Number Go Up Inside Crypto’s Wild Rise and Staggering Fall
Reviews

I'm not going to lie," Sam Bankman-Fried told me.
This was a lie.
Funniest opening of any book I've ever read

tldr idiots

Aptly named, as playfully written as insightful, the subtle digs had me chef kissing.
The story behind it all is scarcely believable and goes to show where unbridled human ambition can lead when returns that seem to good to be true are embraced by those with flexible grasps of truth and logic.
Whether those who were at the heart of it like SBF were intentionally neglectful or overly ambitious in their haphazard approach to digital rocket ship assembly is hard to say, but whatever the truth of their motivations the story of the mid air explosions are worth reading both as a cautionary tale and as a form of barely believable entertainment.

Highlights

"Stablecoins are basically just a digital version of the U.S. dollar, right?" he said. "There's no monkey business."
But then he described what sounded very much like monkey business.

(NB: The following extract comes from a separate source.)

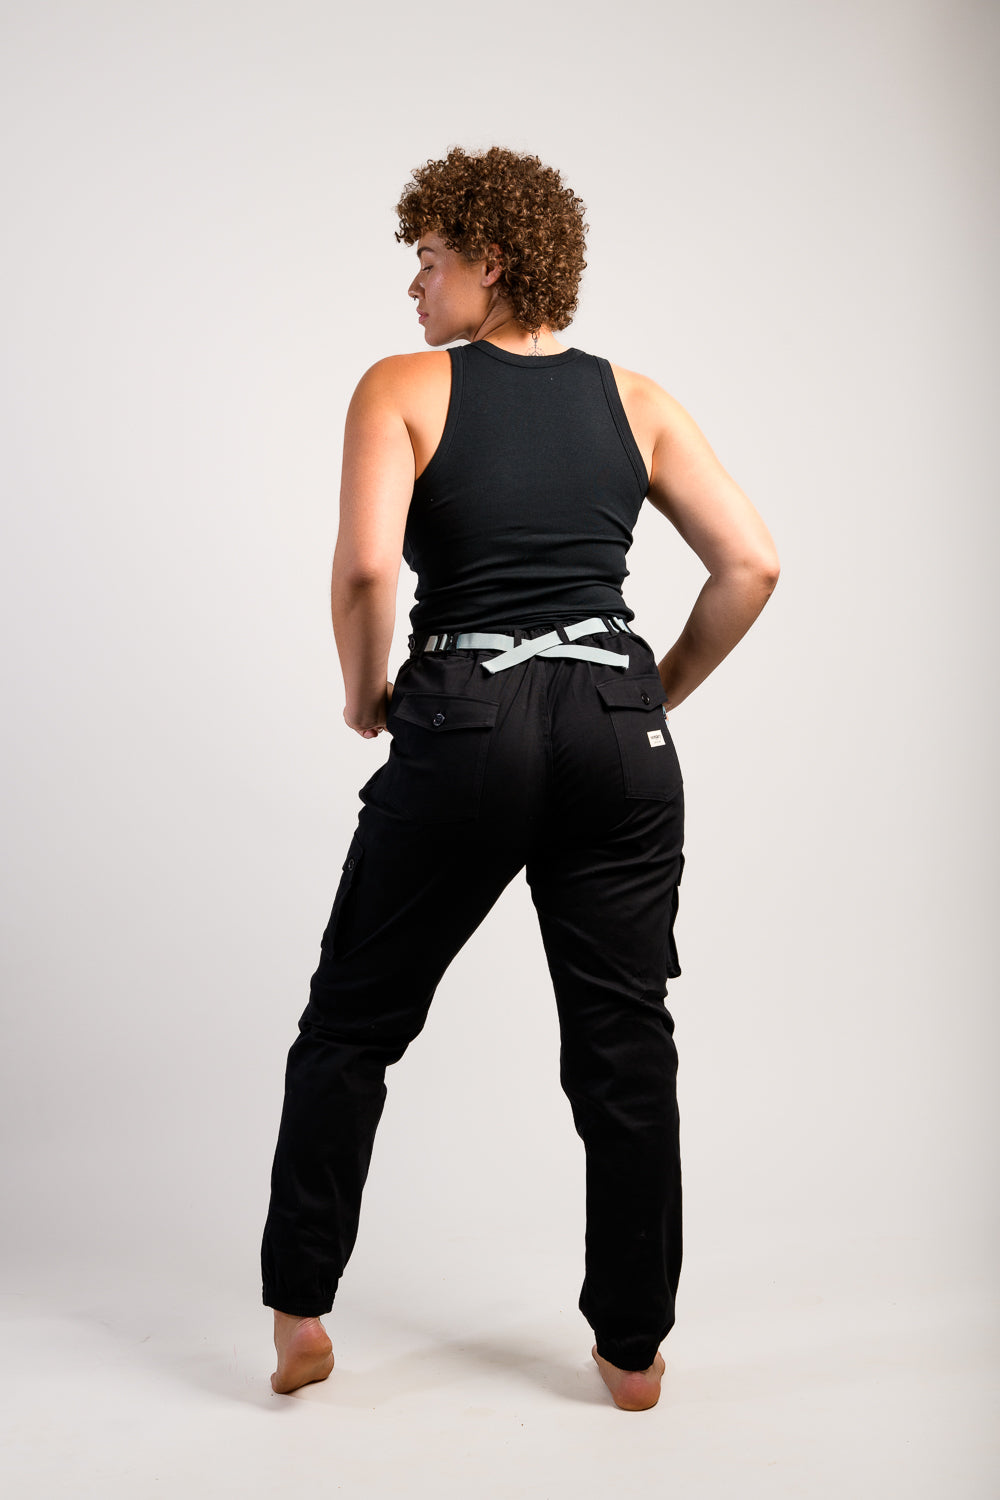 Women's Plus Size Cargo Pants Australia: Utility Pants

Keiser called him a "giga-Chad", Chad being internet slang for an alpha male, and by the standards of the conference, in which reckless day-trading counted as manliness, he was.
A more accurate description would be that Saylor was the biggest loser in the room.

By 2023, the hot spots for crypto billionaires had shifted from the Bahamas and Miami Beach to the courthouses of Washington, D.C., and Manhattan.

I tried to keep a straight face as I imagined him telling that to the congressmen and prosecutors investigating FTX. His supercilious attitude and slovenly appearance reminded me of the disagreeable know-it-all Comic Book Guy from The Simpsons. His answer was so bad, it felt almost unfair to ask him tough questions.

It was hard to believe that people had sent $55 billion in real U.S. dollars to a company that seemed to be practically quilted out of red flags.

From the beginning, I thought that crypto was pretty dumb. And it turned out to be even dumber than I imagined.